Pretty simple right?
I know 30-Days can be a long-time, so if it’s an emergency purchase that is a necessity for your quality of life then the 30-Day rule probably will not apply here.
Similarly with sales, discounts tend to have limited timeframes where you can make decision. Again, the 30-Day rule will not apply in this instance.
Ways to Stick With the 30-Day Rule
Unfortunately, creating a financial plan or having the intention to change your spending habits doesn’t always lead to success. It’s not that easy! I hear you, so here are some ways to help stick to the 30-Day Rule:
Have a goal and track your progress
In business, those who set goals and track progress report hitting their goal 96% of the time, which is almost double the success rate of businesses who don’t track at all.
This is reflected in personal savings too, so having a regular check-in to work out how well you are moving towards a no impulse-spending goal could be beneficial to the overall saving process.
Involve your friends or family
Everybody loves a challenge! Why not compete against family and friends to see who can save the most money in a month or stop spending? This way, you can keep each other accountable and turn the 30-Day rule into a game against impulse spending.
Remember that a purchase every once in awhile is okay
The thing about this rule is that it doesn’t prevent shopping altogether. So once those 30-Days are complete, don’t feel guilty if you still want to buy after all.
It’s just a tool to help you get rid of those regretful purchases and put more value onto the items that you DO want and need. Plus, it serves to help boost your savings account along the way!
Give it some time to stick
Although I alluded to this a bit earlier, you might fail at your first 30-Day challenge. And that’s okay!
This should be a learning experience to either help you make smarter purchasing decisions, to stop impulse buying, or a combo of things.
Breaking bad habits is not always easy and takes time. So cut yourself some slack if you find it more challenging than you expected!
Try different budgeting techniques
What might be interesting or work for you, might be completely different for someone else.

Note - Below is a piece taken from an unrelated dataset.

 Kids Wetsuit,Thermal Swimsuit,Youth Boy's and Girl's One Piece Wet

For example, I always enjoyed simple spreadsheets and doing the math myself when doing my budget or any challenges, like the 30-Day rule. I found it kept me more focus and gave me a better understanding of my expenses.

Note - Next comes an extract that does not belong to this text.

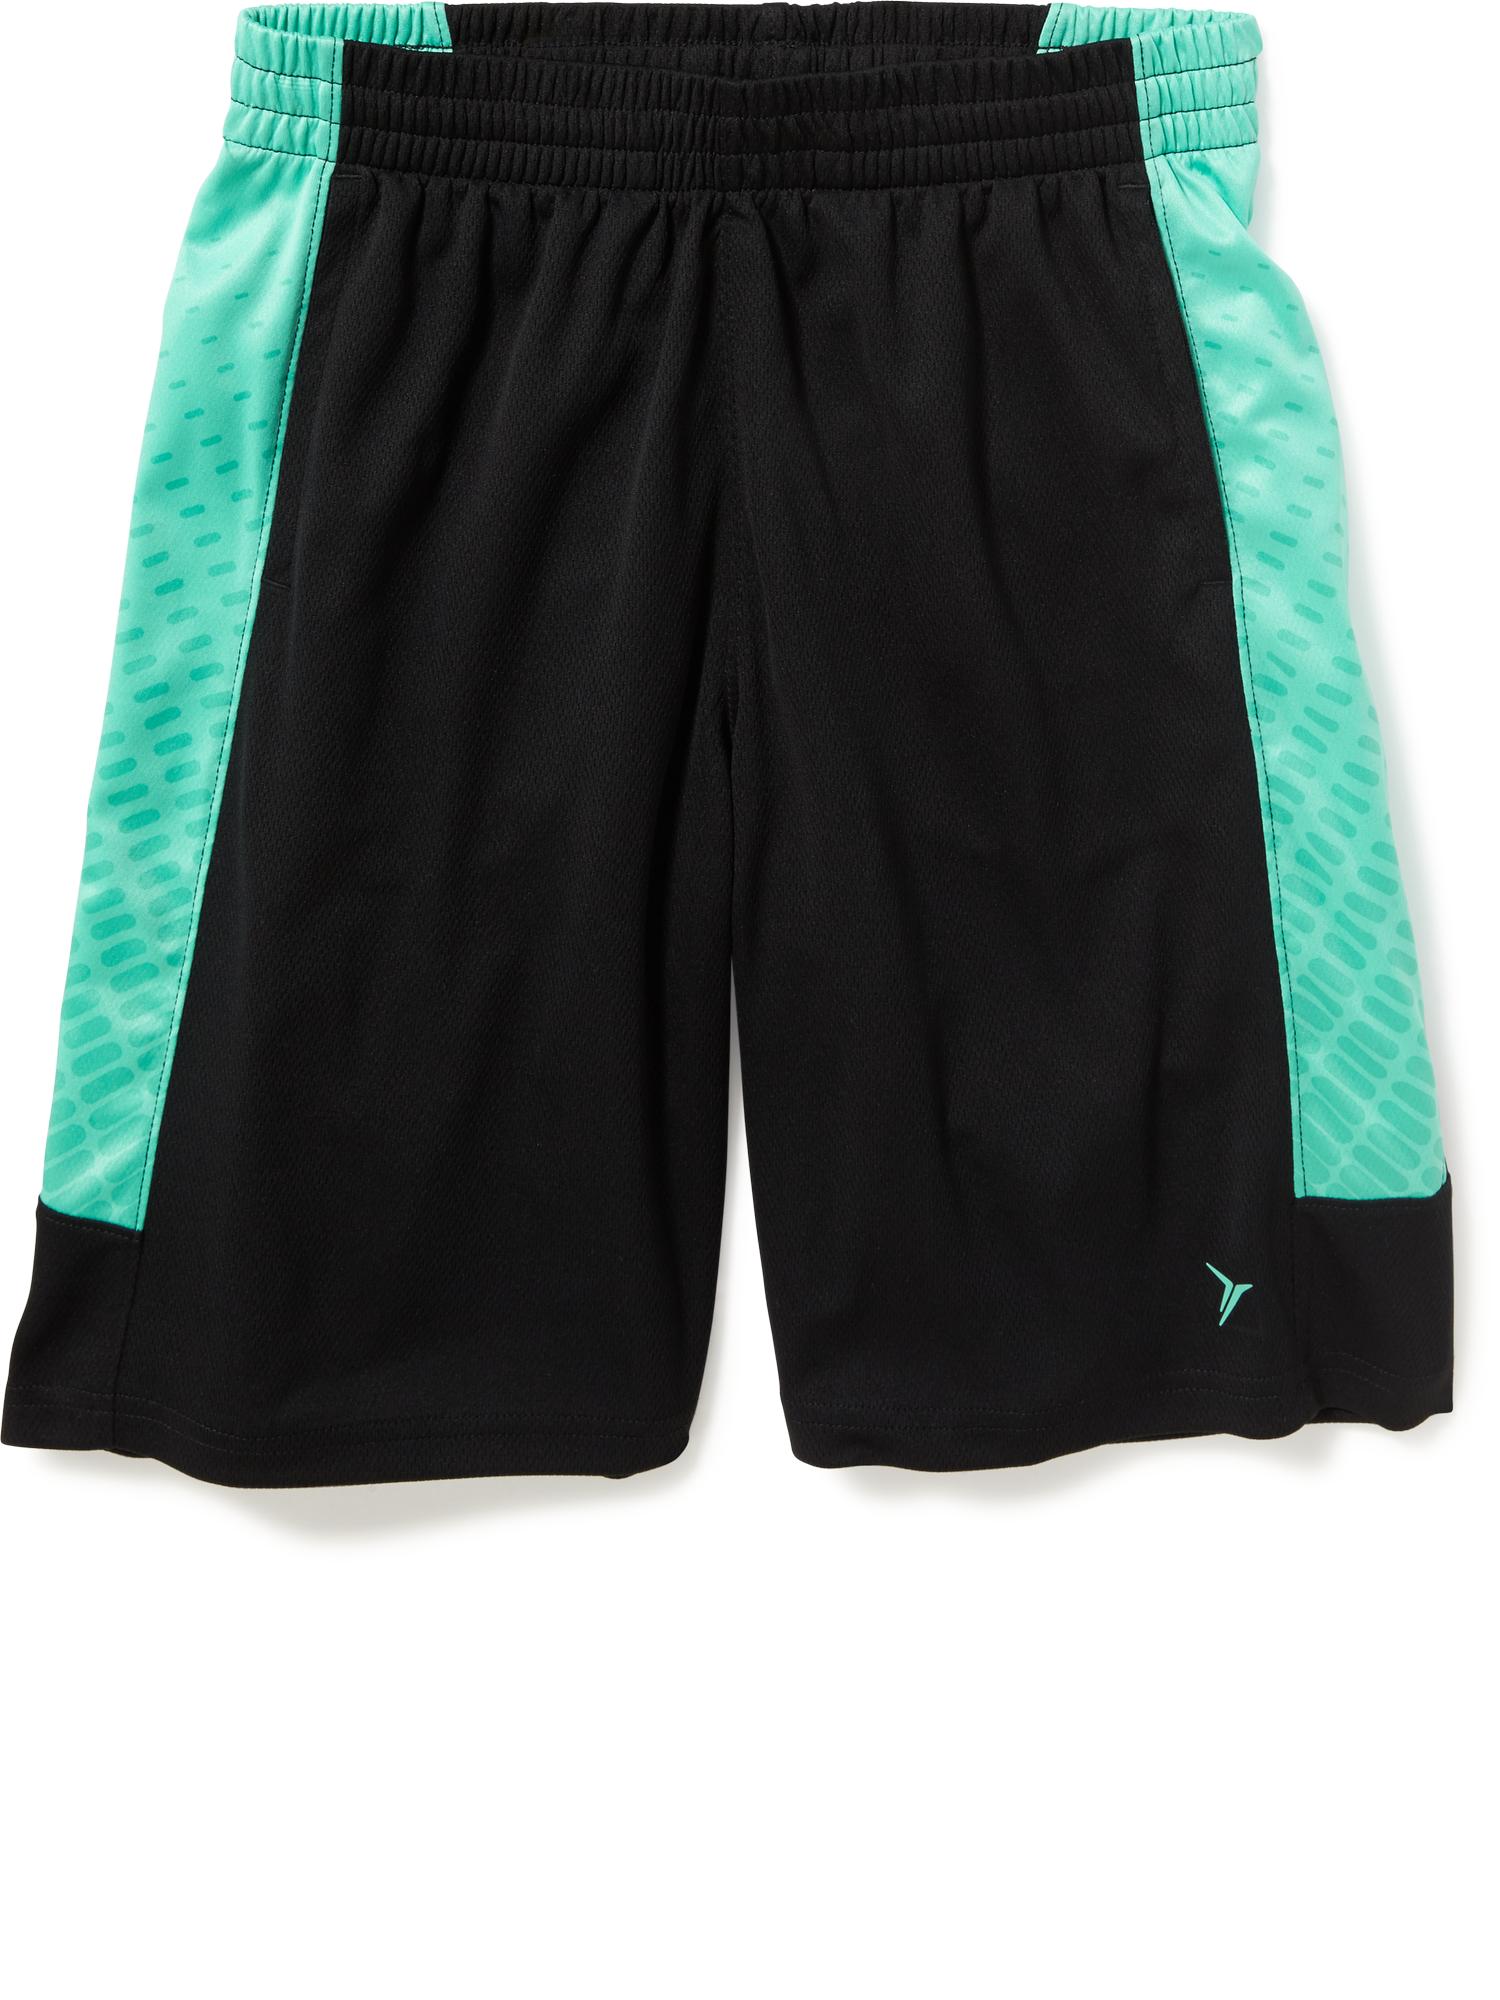 Go-Dry Cool Basketball Shorts For Boys | Old Navy

Some might find the cash envelope system better for them, where physical envelopes with organized cash helps.
And others may look to various personal finance platforms and apps. Here a few that could help:
- Personal Capital: see all your expenses in one place, manage your net worth, investments, budget, and more. And you can use it for free.

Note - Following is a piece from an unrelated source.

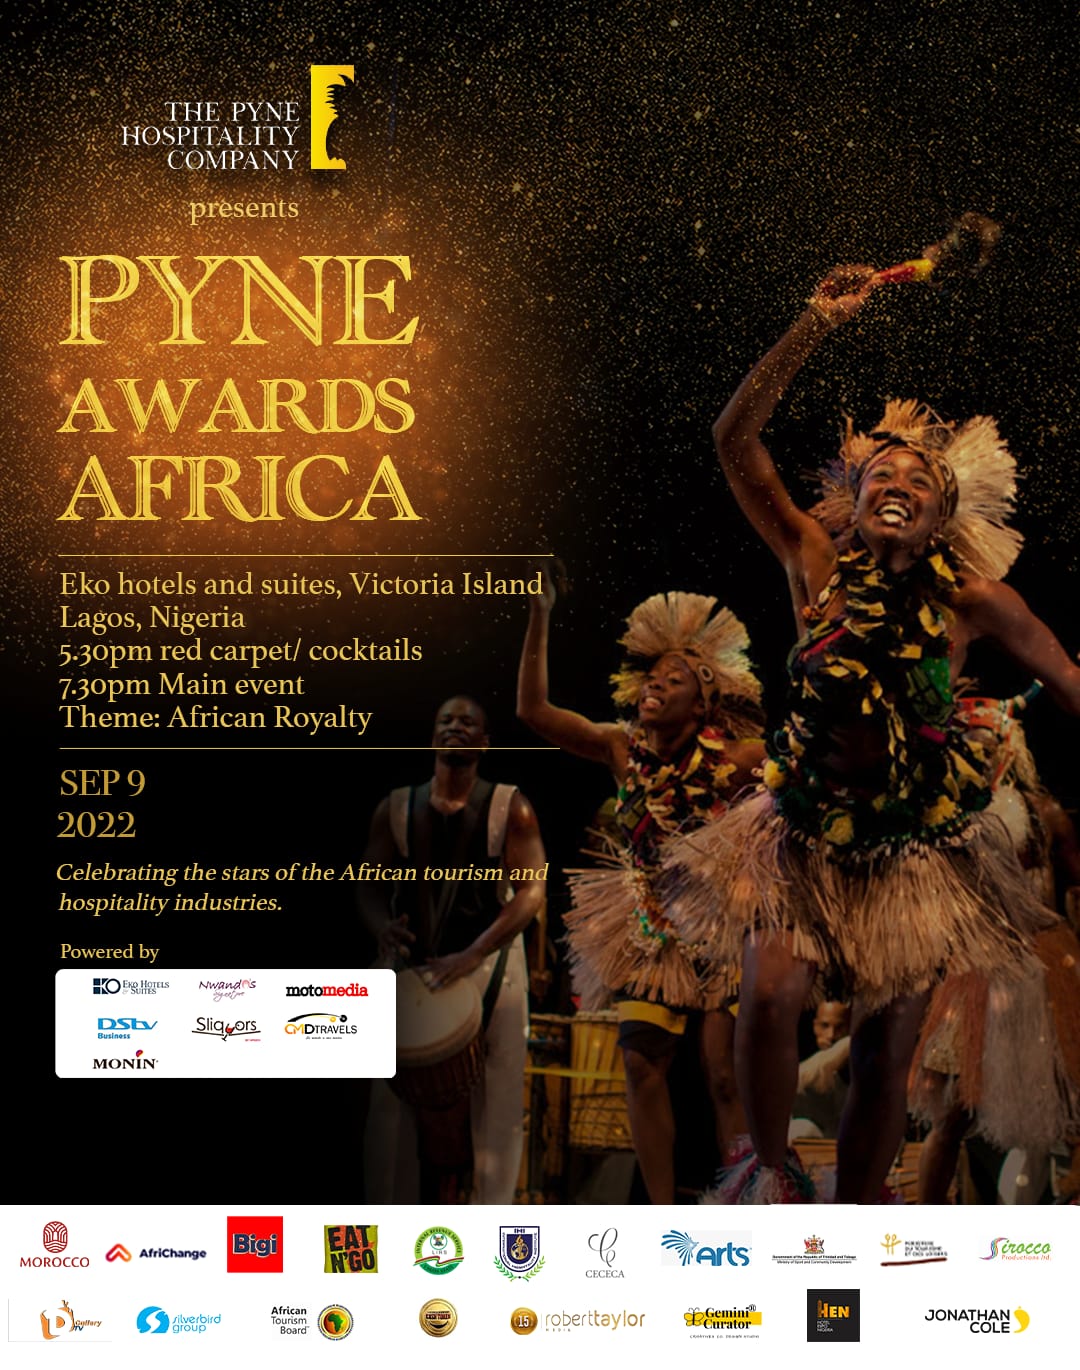 The Pyne Awards Africa to Mark 5th Anniversary as it Awards Tourism and

- Savology: A new budgeting platform, Savology can make it easy to keep track of your expenses, spending, and savings.
- Tiller Money: Automatic spreadsheets and templates created for you to help with your budgeting and savings needs. So if you like cool spreadsheets, Tiller is for you.
- Mint: One of the more popular and recognizable names in the finance space is Mint. Keep track of all your finances in one place for free.